Rivets recovered from the Titanic have a higher than normal carbon content. I don't recall if this was by mistake, or to save money. I'm a EE but I believe that the high carbon would make the rivets brittle in cold temperatures.
@kenish: You can find a fairly detailed metallurgical report on the sinking of the Titanic here. If you're not a metallurgist, you may want to skip directly to the conclusions.
You're right that the steel was brittle at cold temperatures; in fact, it would have even been brittle at room temperature. The ductile-to-brittle transition temperature was between 100 and 140°F, compared to about 10°F for comparable modern steels.
The issue was not the carbon content, so much as high levels of sulfur combined with low levels of manganese. However, the author of the report concludes that nobody at the time would have known this was a problem.
The ductile-to-brittle transition in steels was not well understood until after World War II, when a large number of U.S. merchant marine vessels sank as a result of low temperature brittleness.
Indeed! Many years ago, when we were first trying out fiber optic networks on our plant control system, our technicians noticed that many nodes would go offline at random. Standard practice of swapping parts and reterminating connectors didn't seem to help.
So I went out to the site armed with a function generator for sending pulses of variable duty cycles, and an oscilloscope. I knew from having looked inside that the fiber-optic converters had no processors of any sort inside. The plant was filled with all sorts of people. There were construction projects going on, system demand was high, and stress levels were going through the roof.
I found a quiet corner, grabbed one of the units, and tested it. Sure enough the pulses from a loop-back cable were distorted to the edge what should have been readable. I then grabbed another unit with the similar serial numbers and production run from working stock and I tried it out. The pulses were clean.
I looked inside the units and discovered that some units had a DC blocking capacitor in series with the data connection with one tenth the value of the working units. The problem units had serial numbers indicating a production run at the same time as the good units. My best guess is that someone had probably mixed these values in a parts bin.
I explained this to my boss and he promptly declared that we were going to use a different brand. So instead of a few hours to correct the problem boards, we ended up spending many more weeks with another product that also gave us significant headaches of a different sort. From that point we were very reticent to use fiber optic cable systems even though we knew theoretically it should have worked very well for us.
That was a case of not learning the right lessons from failure.
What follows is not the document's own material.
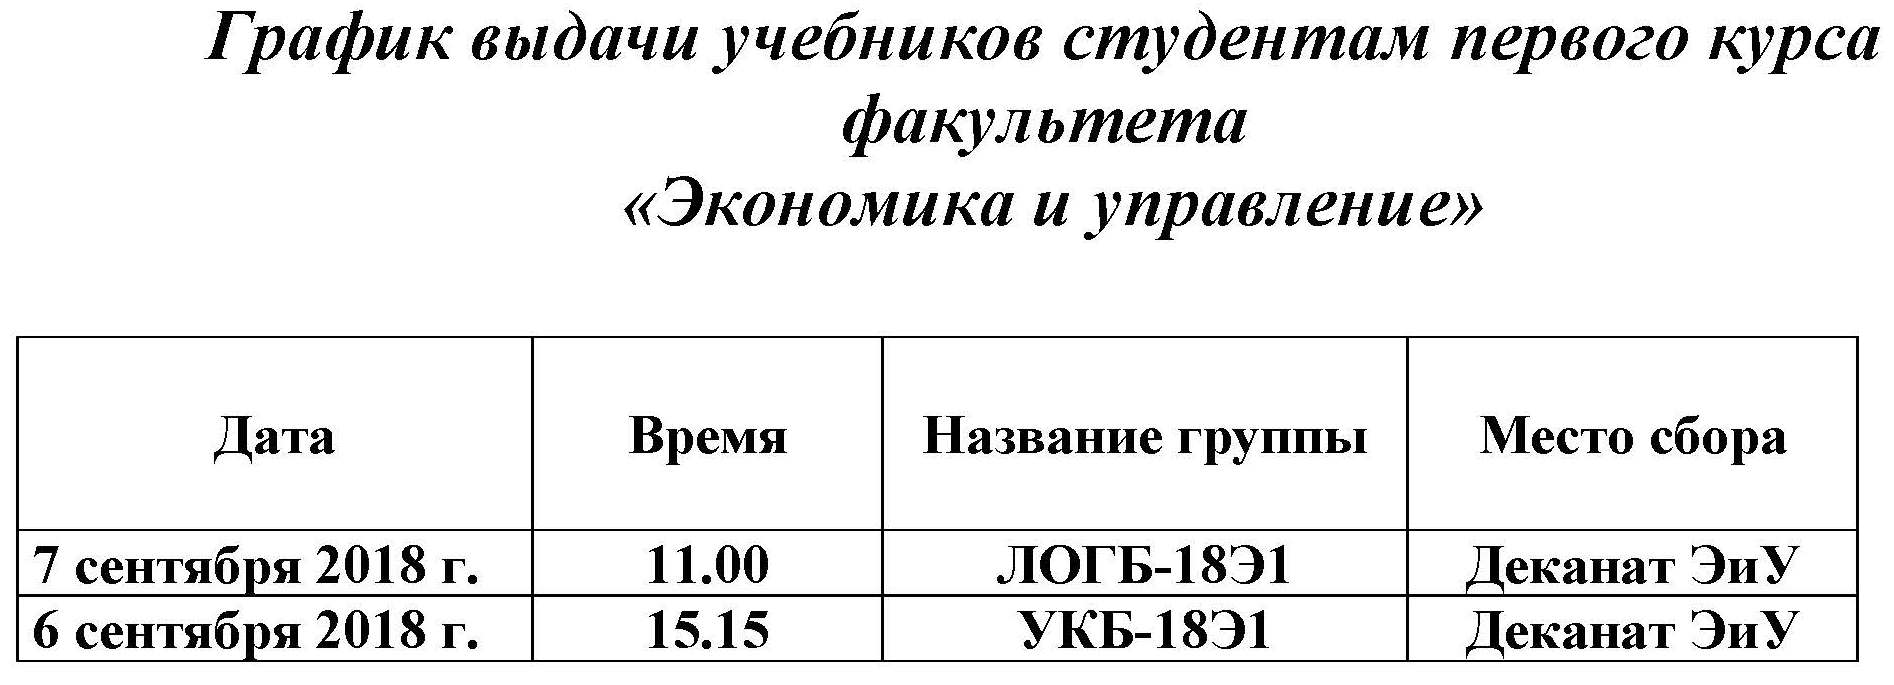 График выдачи учебников студентам первого курса факультета_Страница_1

Successful change comes, not from emulating success and trying to better it, but from learning from and anticipating failure, whether actually experienced or hypothetically imagined. This should be the underlying aspect of every design. Petroski as usual at his best ..!
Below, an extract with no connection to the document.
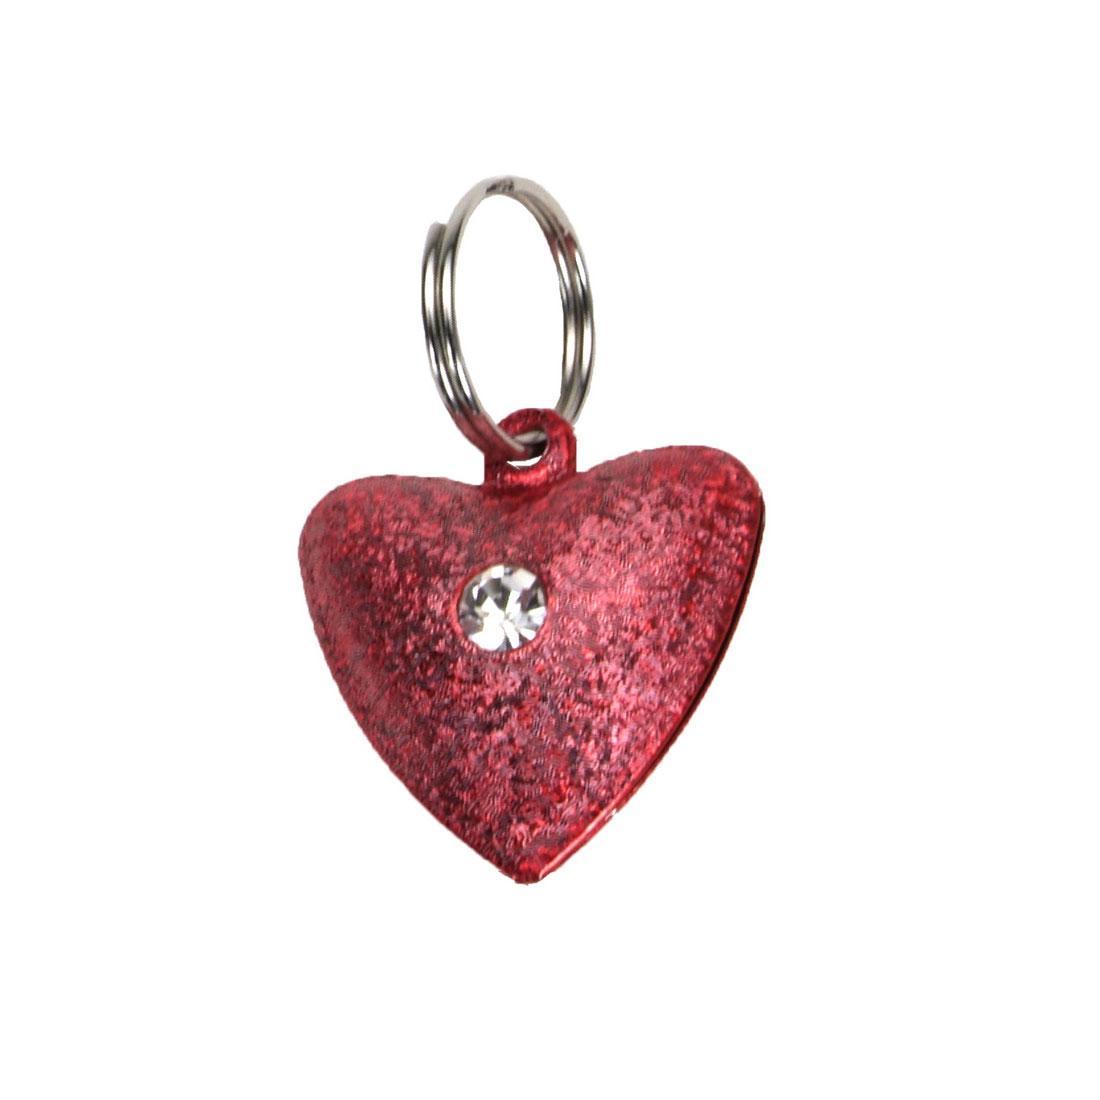 Coastal Frosted Designer Heart Cat Bells Image

vimal, your post hits the nail on the head. This is an interesting story. It also reminds me of the slogan of the equities industry, "...past performance is not an guarntee of future performance...", or something like that.
Well explained..! past performance does not gaurantee future success and performance. Had Napolean been an engineer he would have definitely procliamined "Complacency is not found in the dictionary of the engineer". By anticipating failure engineering design will repay the faith of the stakeholders.
Excellent post Vimal. You are right on the money. In my previous industry, we were doing FMEA (failure modes and effects analysis) on major projects for about the last 10 years. Some of this was required by our customers. Unfortunately, industry in general does not seem to be that specific.
It's worth noting that a new book, "Creating Innovators: The Making of Young People Who Will Change the World" cites the willingness to take calculated risks and the willingness to learn from failure as two of the keys to developing innovative minds.